ESMA’s statement added that the short selling regulation had “no compelling impact on the liquidity of EU single name CDS and on the related sovereign bonds markets ... except in a few countries”.
“The liquidity in European sovereign CDS indices has been somewhat reduced.”
Steven Maijoor, chair of ESMA, said: “[Our] review has found that the introduction of the short selling regulation has had some positive effects in terms of enhancing market transparency and reducing risks of settlement fails in EU financial markets.”
“Due to the short period of operation of the regulation, ESMA was subject to severe limitations in terms of available data and practical experience in supervision under the regulation. However, ESMA is advising the European Commission to consider adjusting a number of aspects in the regulation that do not alter its main elements.”
ESMA recommended changing the way that net short positions in shares are calculated, and revisiting the method of calculation of net short positions in sovereign debt, particularly the duration-adjusted approach, and reviewing the thresholds for notifications.
For restrictions on uncovered short sales in shares and sovereign debt, ESMA recommended considering some adjustments to the regime to allow internal locate arrangements within the same legal entity.
It also suggested revisiting the issue of the definition of ‘liquid shares’ for the purpose of locate arrangements at a later stage, when proper regulatory data on securities lending would be available.
The authority also looked at emergency short selling bans, such as the one that is in operation in Greece, recommending that they should be simplified and made more consistent in their application.
ESMA was asked to carry out a review of the effects of the short selling regulation shortly after it was implemented in November 2012.
The authority looked at the effects of transparency requirements, uncovered short selling restrictions and any other temporary business restrictions.
It also assessed whether the regulation is fulfilling the needs of the market for transparency and regulators to carry out their supervisory mandates.
It had to deliver its findings by the end of this month, and did so in a report to the European Commission on 3 June.
The short selling regulation had “mixed effects” on the liquidity of EU stocks, “with a slight decline in volatility, a decrease in bid-ask spreads and no significant impact on traded volumes”, according to an ESMA statement.
But price discovery speed “seems to have decreased compared to the period before the entry into force of the regulation”, although “overall, settlement discipline has improved”.
ESMA’s report said: “Overall, it seems that market participants had a tendency to settle on one side or the other of the threshold and avoid crossing it. This would suggest that holders’ behaviour is pre-determined, ie, over time a holder is sticking to its initial decision on whether to go public on a given position.”
“This would mean that the public disclosure threshold has an effect on short-selling activities, and even though no strict conclusion is to be drawn from the available data, it can be suspected that some actors prefer to stay below the 0.5 percent threshold and not to disclose information on their short-selling activity.”
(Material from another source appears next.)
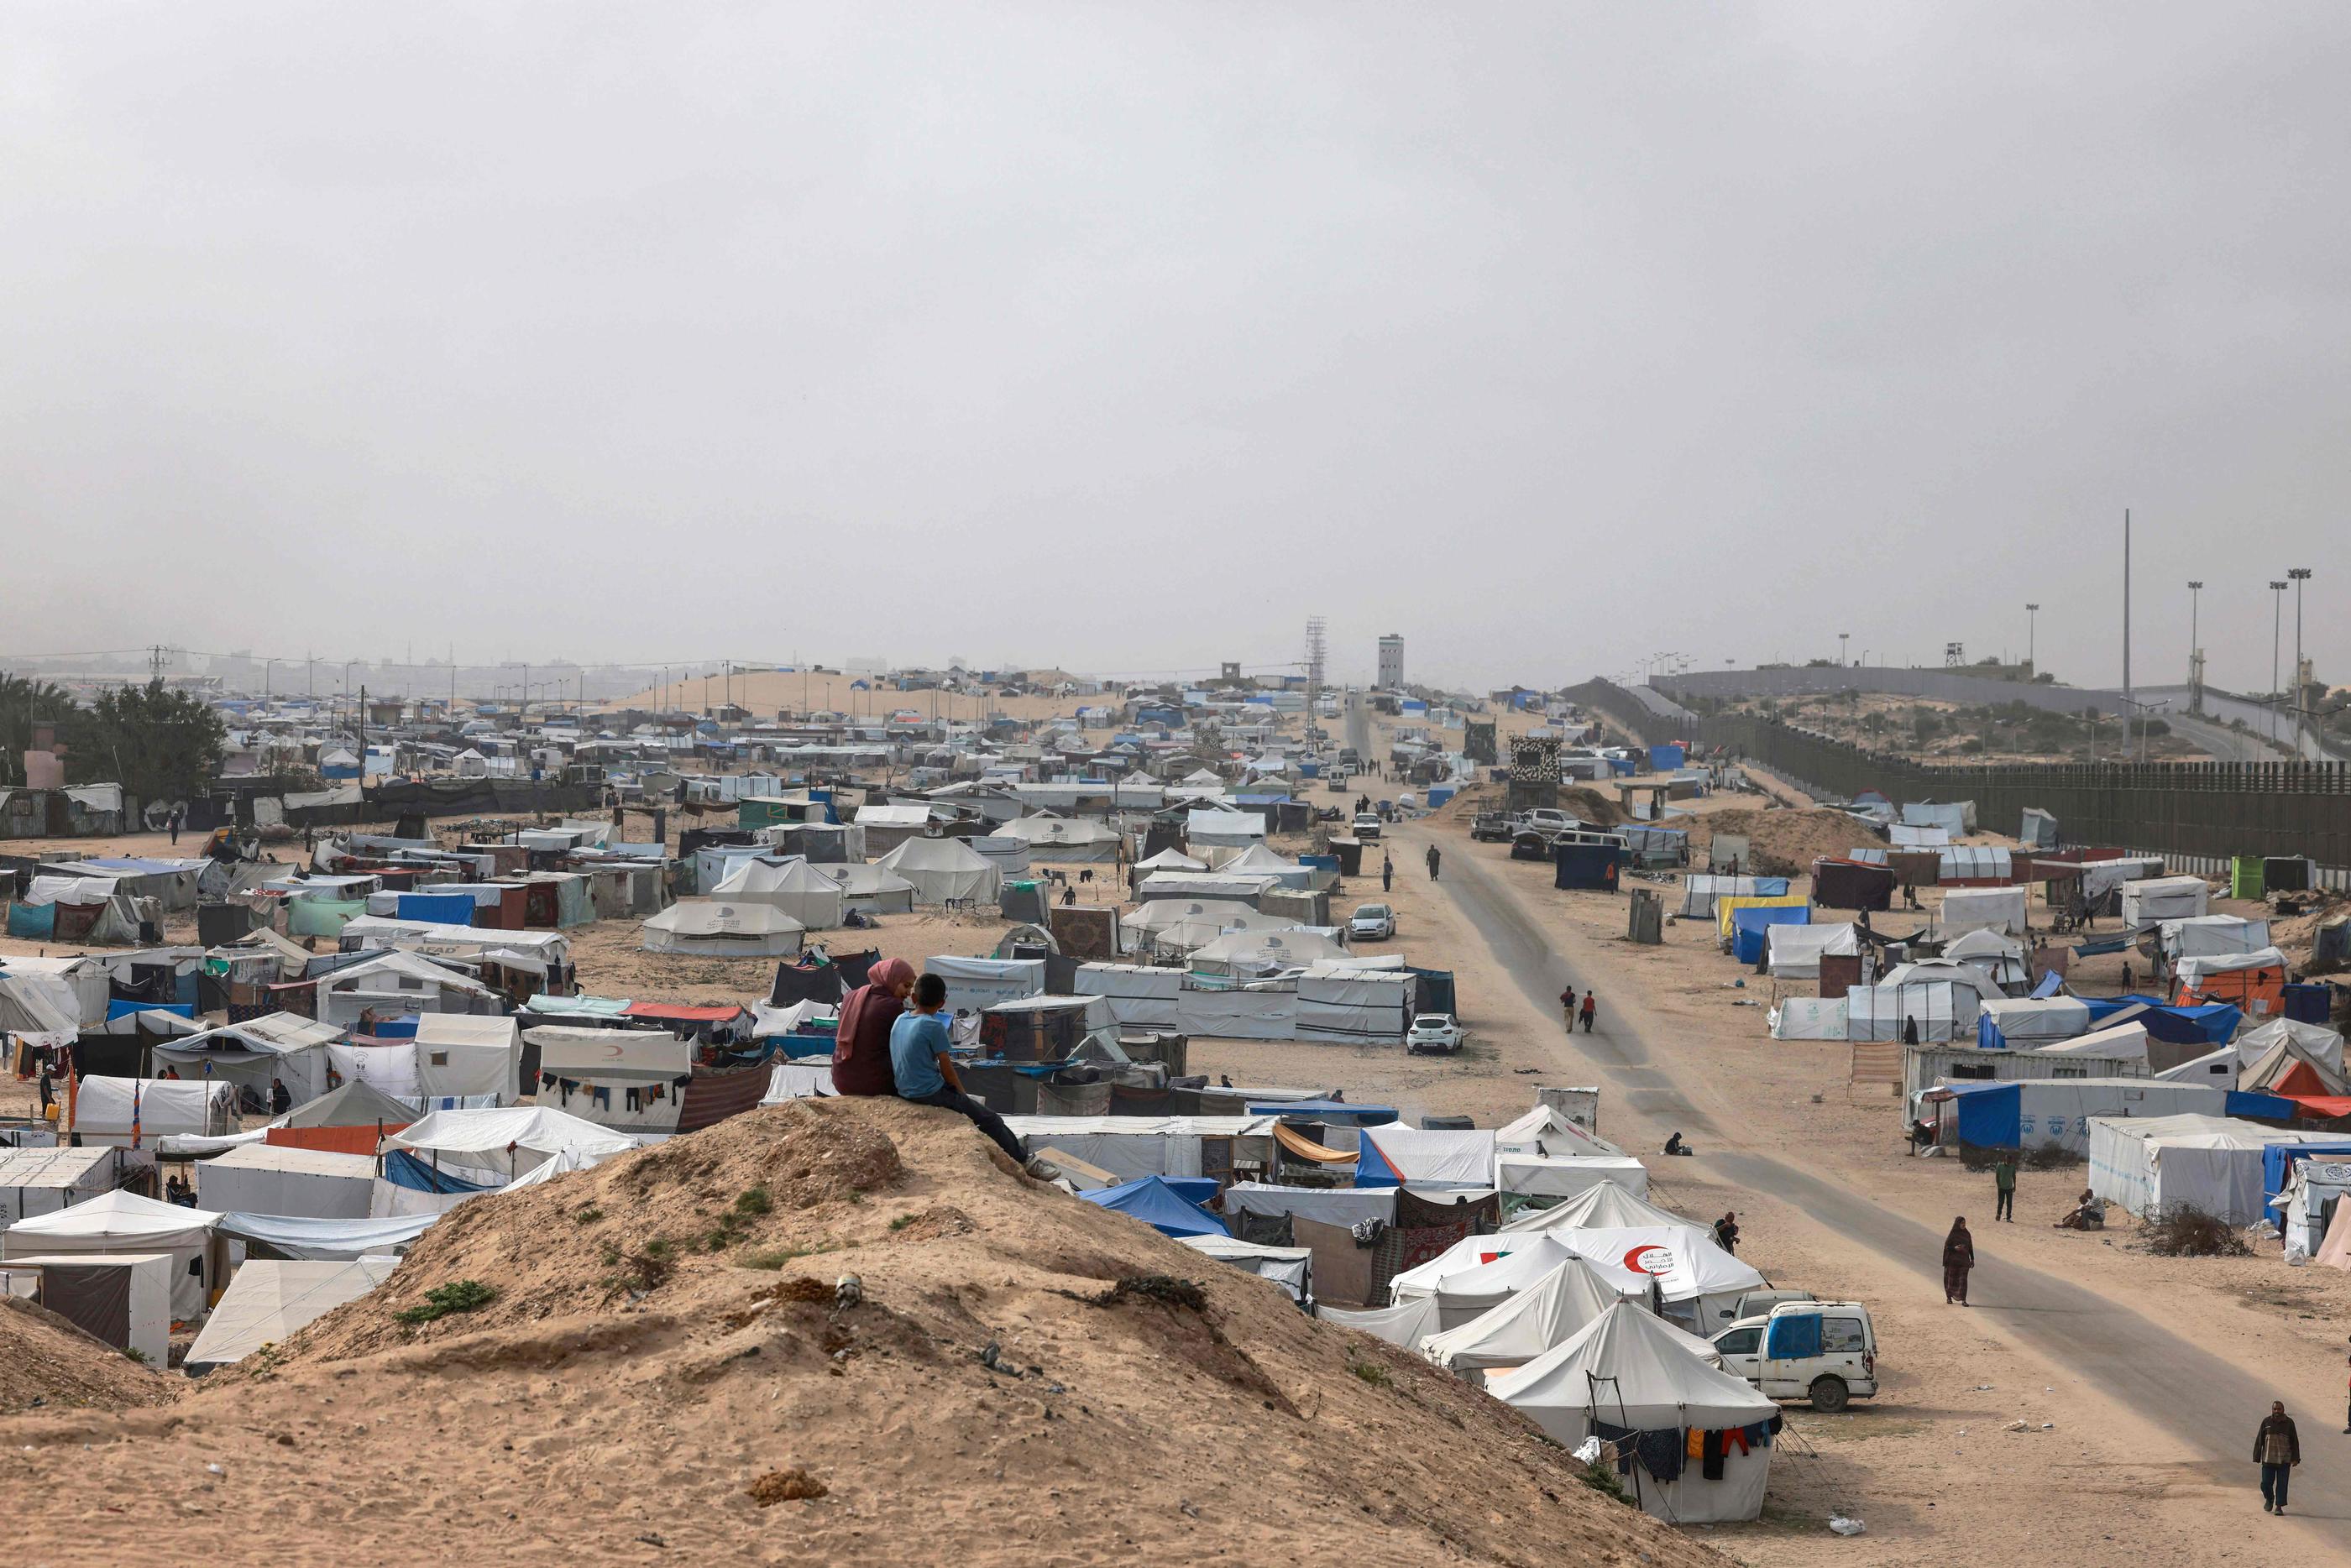 De nombreuses capitales et organisations humanitaires redoutent un bain de sang dans la ville de Rafah où s’entassent un million et demi de Palestiniens, pour beaucoup dans des camps de tentes, sans eau ni électricité. AFP/MOHAMMED ABED

ESMA’s statement added that the short selling regulation had “no compelling impact on the liquidity of EU single name CDS and on the related sovereign bonds markets ... except in a few countries”.
“The liquidity in European sovereign CDS indices has been somewhat reduced.”
Steven Maijoor, chair of ESMA, said: “[Our] review has found that the introduction of the short selling regulation has had some positive effects in terms of enhancing market transparency and reducing risks of settlement fails in EU financial markets.”
“Due to the short period of operation of the regulation, ESMA was subject to severe limitations in terms of available data and practical experience in supervision under the regulation. However, ESMA is advising the European Commission to consider adjusting a number of aspects in the regulation that do not alter its main elements.”
ESMA recommended changing the way that net short positions in shares are calculated, and revisiting the method of calculation of net short positions in sovereign debt, particularly the duration-adjusted approach, and reviewing the thresholds for notifications.
For restrictions on uncovered short sales in shares and sovereign debt, ESMA recommended considering some adjustments to the regime to allow internal locate arrangements within the same legal entity.
It also suggested revisiting the issue of the definition of ‘liquid shares’ for the purpose of locate arrangements at a later stage, when proper regulatory data on securities lending would be available.
The authority also looked at emergency short selling bans, such as the one that is in operation in Greece, recommending that they should be simplified and made more consistent in their application.